When he heard a knock at the door he thought at first that he had imagined it. When the knocking came again, a little louder and more insistent, he sat up and looked at the green glow of the numbers on the DVD recorder. Two in the morning. It couldn’t be Pasi Laaksonen from next door. Nor his mother, because no trains from Kitee arrived in the middle of the night. Nor the woman who had broken Ari Pekka Sorajärvi’s nose, because she was already lying beside him.

He heard the knocking again, a little softer this time, with some slight hesitation. He got up and put on his T-shirt and trousers. He picked up the sofa throw, which was lying half on the floor, and covered up the woman, who seemed to be fast asleep.

Then, legs feeling shaky, he went to the door. His back ached. He opened the door and felt the clear, cold air on his skin. There was no one outside, but under the apple tree with its covering of white snow stood a man, just about to get back into his car.

‘Hello?’ said Joentaa.

The man stopped and seemed to hesitate briefly. ‘Kimmo. Sorry. I thought … I wasn’t going to ring the bell, only knock, because I thought you might be asleep.’

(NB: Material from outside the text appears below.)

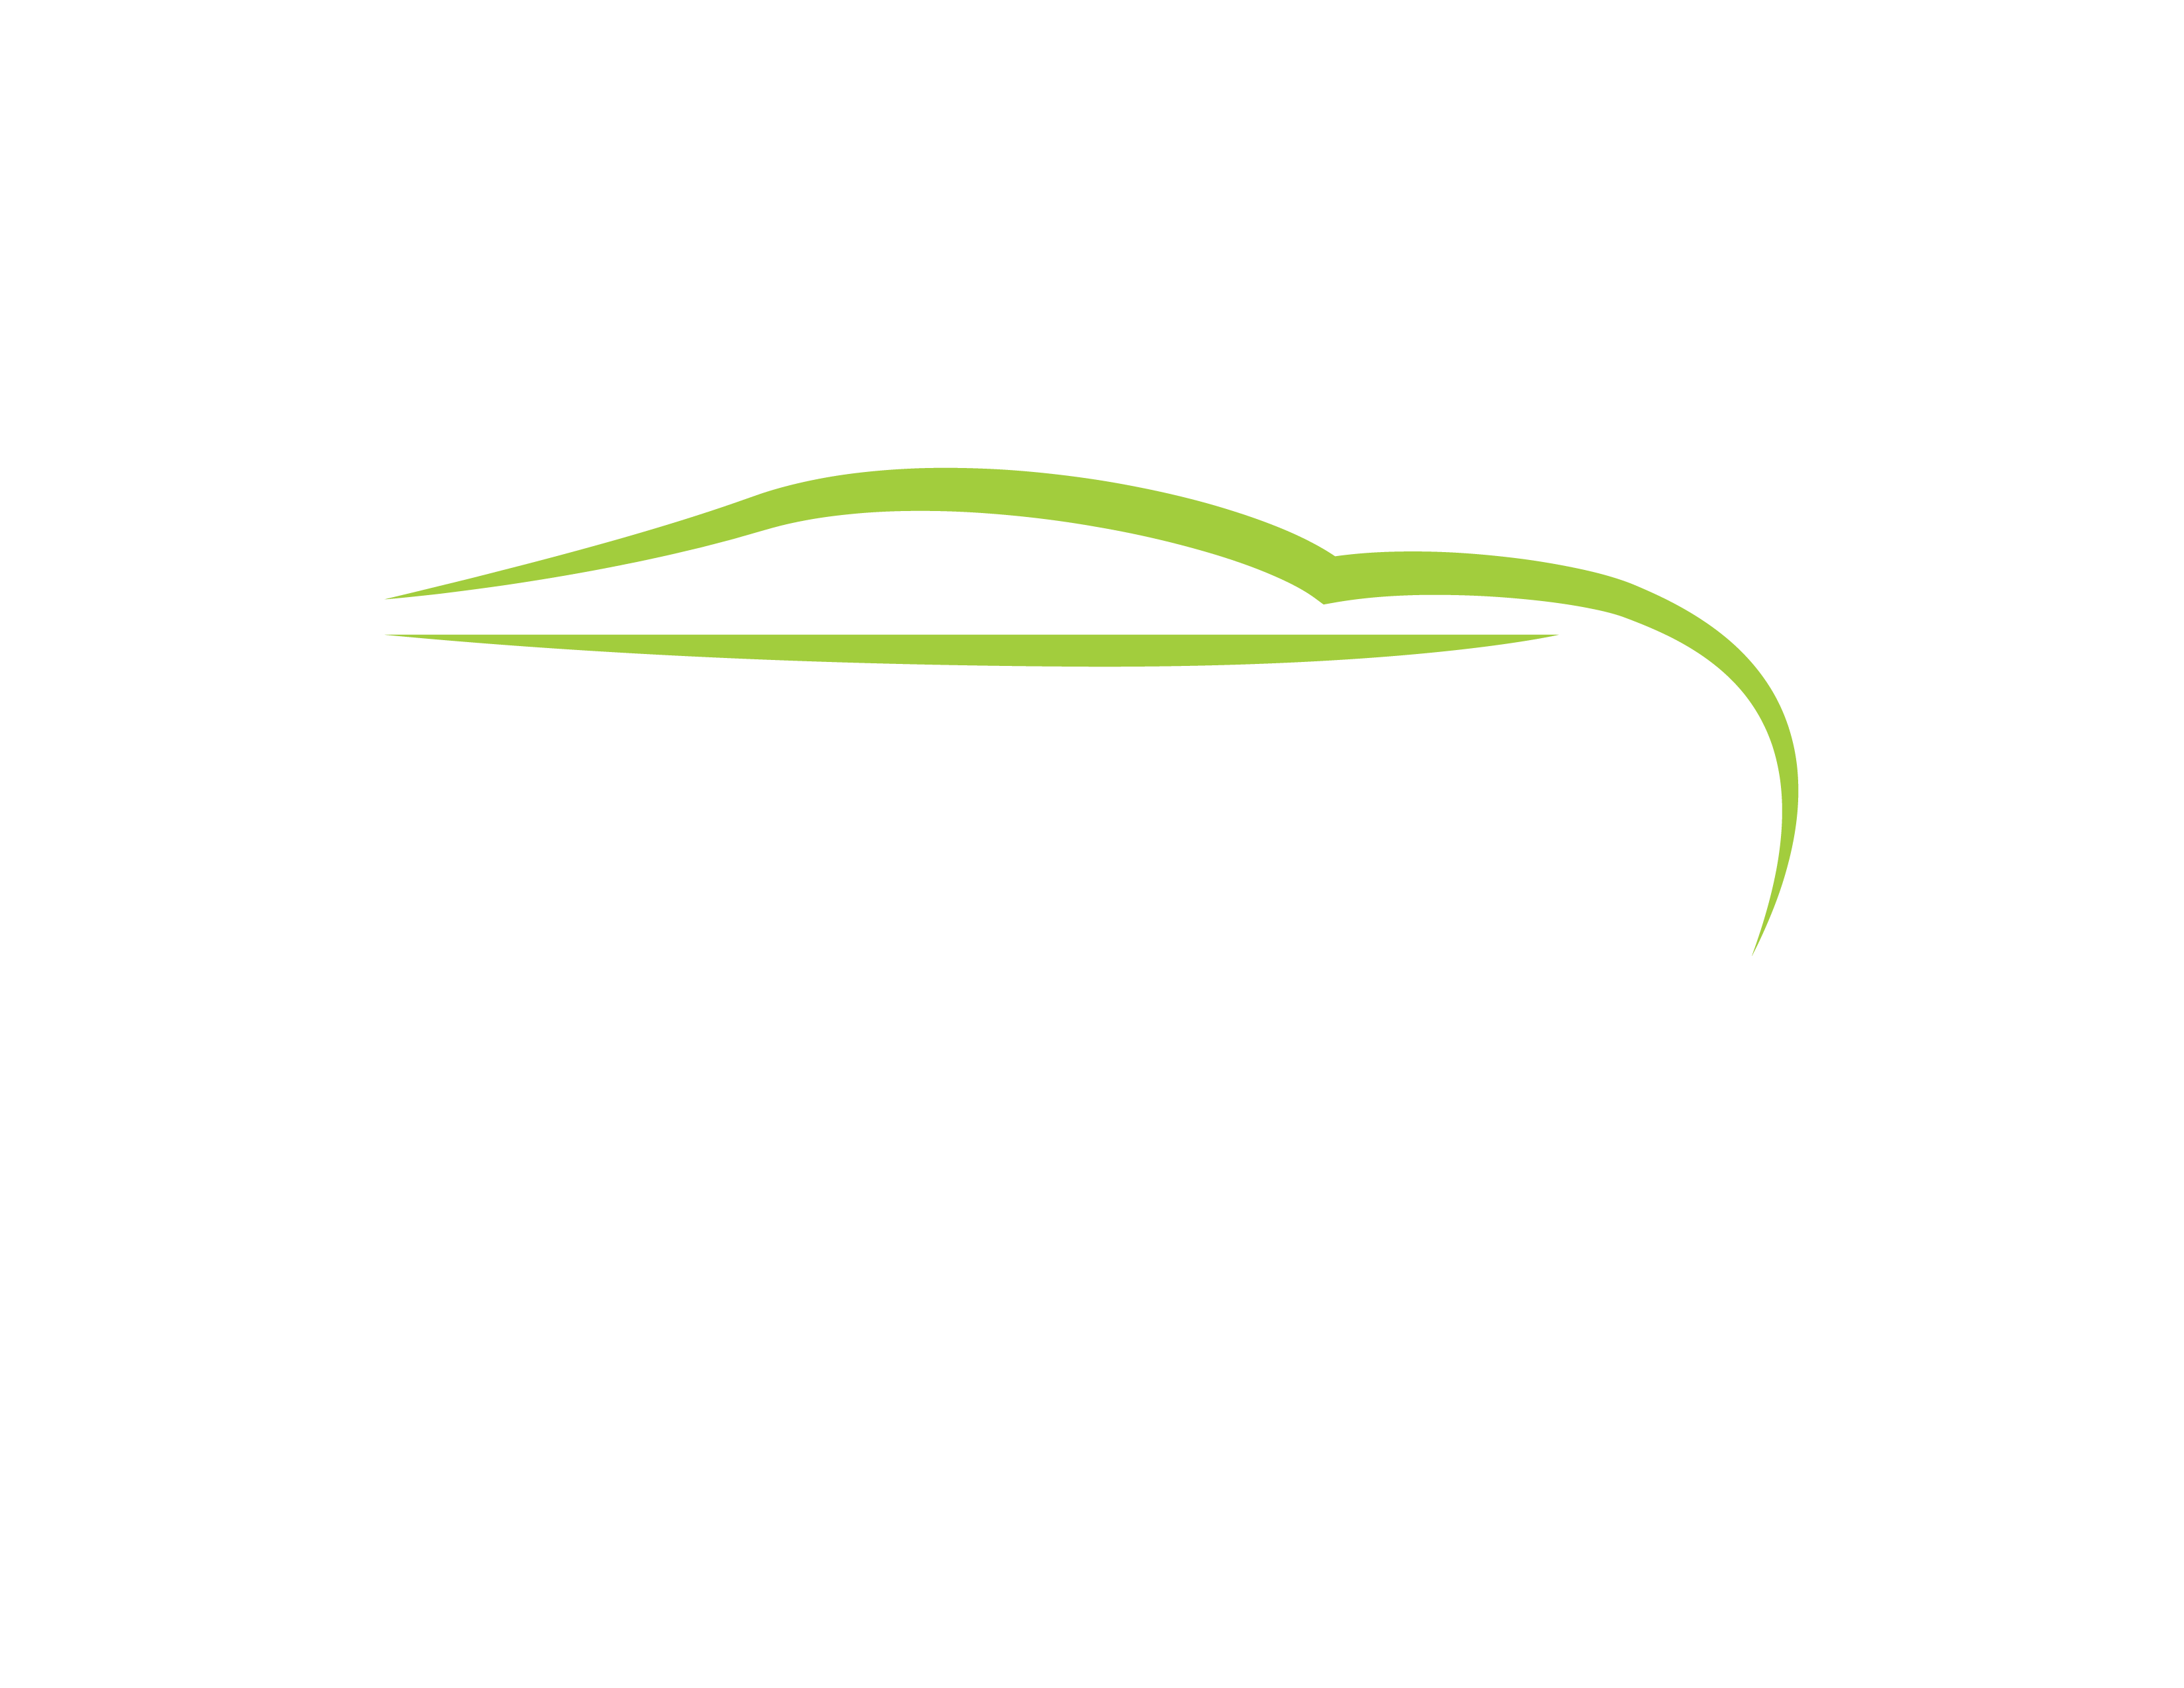 Diayma Auto

The man came towards him. It was Santa Claus.

‘Tuomas …’ said Joentaa.

Tuomas Heinonen. He couldn’t remember Tuomas Heinonen ever visiting him before. Tuomas Heinonen dressed up as Santa Claus.

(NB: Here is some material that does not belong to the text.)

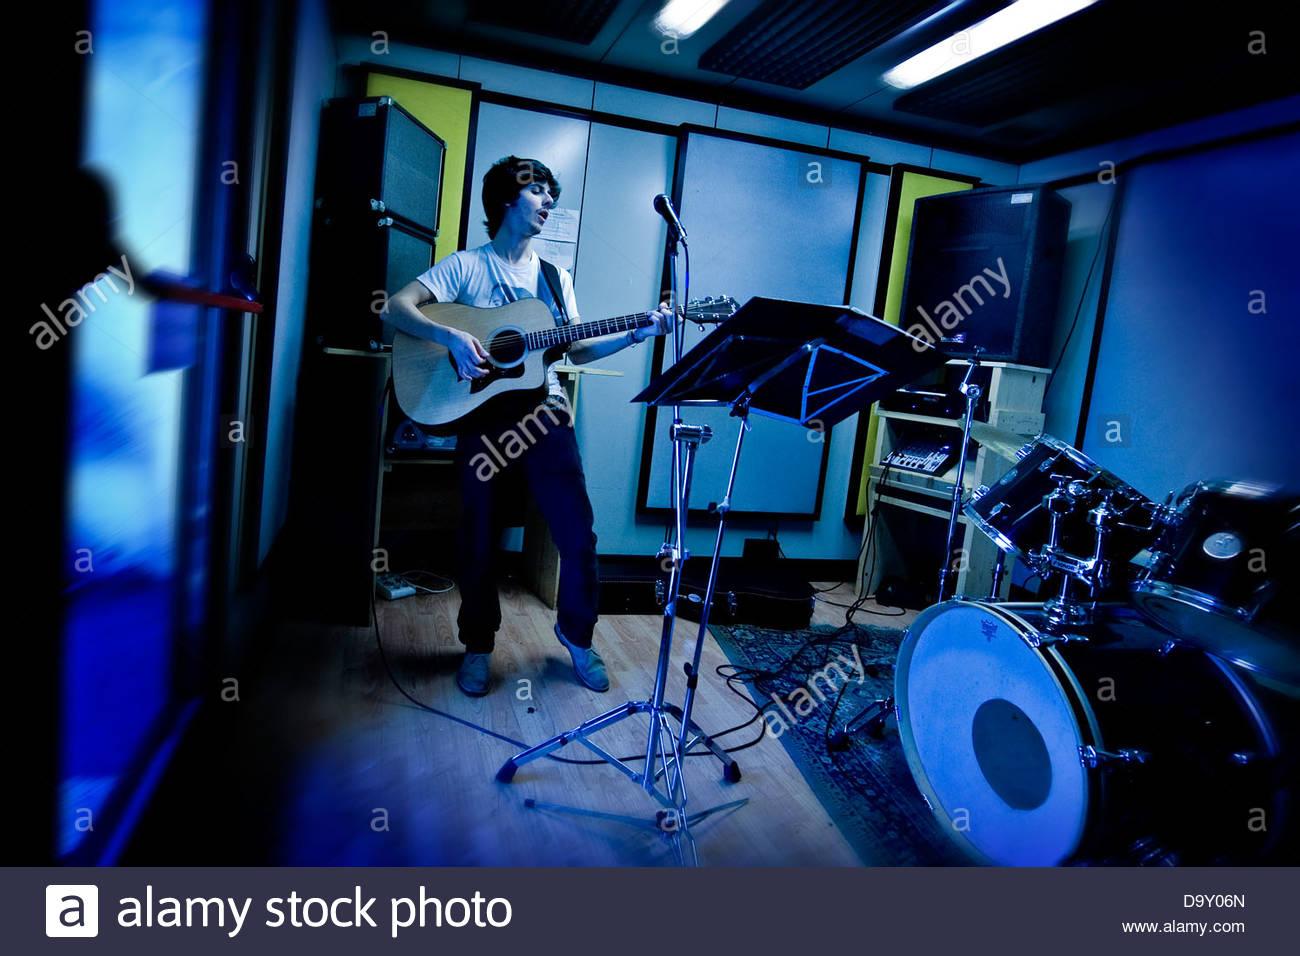 Music Practice Room Stock Photo 57755901 Alamy

‘What … come on in,’ said Joentaa.

‘Yes. Thanks.’

Tuomas Heinonen stood in the corridor, stooping and frozen, and seemed to be at a loss for words.

‘Would you like a hot drink? You look as if you’re freezing,’ said Joentaa, smiling, but Tuomas Heinonen probably wasn’t listening to him.

‘I’ve had a few problems at home. I … we had our present-giving and it went wrong, you might say. And then … then I thought of you. I’m glad you were still awake – or had you gone to sleep?’

‘Come on, let’s sit down and have something to drink first,’ said Joentaa, going into the kitchen.

Tuomas Heinonen followed. He sat down, lost in thought, and looked at the vodka bottle and the milk container standing on the table.

‘The trouble is it’s all my fault. That’s the worst of it,’ said Heinonen.

‘What’s happened?’ asked Joentaa.

Heinonen looked at him, forcing a painful smile, and hesitated. ‘Maybe we’re all washed up,’ he said at last, leaning back as if that explained everything.